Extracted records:
━━━━━━━━━━
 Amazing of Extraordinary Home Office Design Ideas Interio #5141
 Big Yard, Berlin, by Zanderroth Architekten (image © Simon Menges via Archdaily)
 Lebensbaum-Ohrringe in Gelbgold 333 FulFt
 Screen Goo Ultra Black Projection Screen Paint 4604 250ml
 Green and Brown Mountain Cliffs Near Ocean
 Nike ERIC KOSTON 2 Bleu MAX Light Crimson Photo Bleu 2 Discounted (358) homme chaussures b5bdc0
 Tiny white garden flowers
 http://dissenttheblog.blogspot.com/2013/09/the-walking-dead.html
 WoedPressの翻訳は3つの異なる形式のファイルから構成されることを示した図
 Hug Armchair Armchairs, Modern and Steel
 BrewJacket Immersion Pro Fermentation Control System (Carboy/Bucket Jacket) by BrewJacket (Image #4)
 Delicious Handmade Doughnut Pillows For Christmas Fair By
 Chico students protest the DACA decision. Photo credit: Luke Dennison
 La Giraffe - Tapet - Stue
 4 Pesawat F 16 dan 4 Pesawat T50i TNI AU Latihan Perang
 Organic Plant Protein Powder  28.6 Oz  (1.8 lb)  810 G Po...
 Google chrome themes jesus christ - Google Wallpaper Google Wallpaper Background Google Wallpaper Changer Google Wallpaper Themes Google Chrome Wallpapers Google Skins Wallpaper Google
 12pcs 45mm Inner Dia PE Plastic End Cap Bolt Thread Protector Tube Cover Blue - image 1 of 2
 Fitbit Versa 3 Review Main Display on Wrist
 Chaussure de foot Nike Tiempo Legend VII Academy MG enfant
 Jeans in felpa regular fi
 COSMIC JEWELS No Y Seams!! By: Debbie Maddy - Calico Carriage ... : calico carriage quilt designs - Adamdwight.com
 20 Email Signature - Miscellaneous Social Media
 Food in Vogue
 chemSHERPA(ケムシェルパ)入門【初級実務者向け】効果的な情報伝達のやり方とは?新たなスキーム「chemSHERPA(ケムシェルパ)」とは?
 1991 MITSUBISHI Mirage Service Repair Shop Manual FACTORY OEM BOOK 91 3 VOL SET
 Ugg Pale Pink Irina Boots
━━━━━━━━━━
◆ **Task**
Render the whole set of entries again, exactly as given.

◆ **Answer below**
 Amazing of Extraordinary Home Office Design Ideas Interio #5141
 Big Yard, Berlin, by Zanderroth Architekten (image © Simon Menges via Archdaily)
 Lebensbaum-Ohrringe in Gelbgold 333 FulFt
 Screen Goo Ultra Black Projection Screen Paint 4604 250ml
 Green and Brown Mountain Cliffs Near Ocean
 Nike ERIC KOSTON 2 Bleu MAX Light Crimson Photo Bleu 2 Discounted (358) homme chaussures b5bdc0
 Tiny white garden flowers
 http://dissenttheblog.blogspot.com/2013/09/the-walking-dead.html
 WoedPressの翻訳は3つの異なる形式のファイルから構成されることを示した図
 Hug Armchair Armchairs, Modern and Steel
 BrewJacket Immersion Pro Fermentation Control System (Carboy/Bucket Jacket) by BrewJacket (Image #4)
 Delicious Handmade Doughnut Pillows For Christmas Fair By
 Chico students protest the DACA decision. Photo credit: Luke Dennison
 La Giraffe - Tapet - Stue
 4 Pesawat F 16 dan 4 Pesawat T50i TNI AU Latihan Perang
 Organic Plant Protein Powder  28.6 Oz  (1.8 lb)  810 G Po...
 Google chrome themes jesus christ - Google Wallpaper Google Wallpaper Background Google Wallpaper Changer Google Wallpaper Themes Google Chrome Wallpapers Google Skins Wallpaper Google
 12pcs 45mm Inner Dia PE Plastic End Cap Bolt Thread Protector Tube Cover Blue - image 1 of 2
 Fitbit Versa 3 Review Main Display on Wrist
 Chaussure de foot Nike Tiempo Legend VII Academy MG enfant
 Jeans in felpa regular fi
 COSMIC JEWELS No Y Seams!! By: Debbie Maddy - Calico Carriage ... : calico carriage quilt designs - Adamdwight.com
 20 Email Signature - Miscellaneous Social Media
 Food in Vogue
 chemSHERPA(ケムシェルパ)入門【初級実務者向け】効果的な情報伝達のやり方とは?新たなスキーム「chemSHERPA(ケムシェルパ)」とは?
 1991 MITSUBISHI Mirage Service Repair Shop Manual FACTORY OEM BOOK 91 3 VOL SET
 Ugg Pale Pink Irina Boots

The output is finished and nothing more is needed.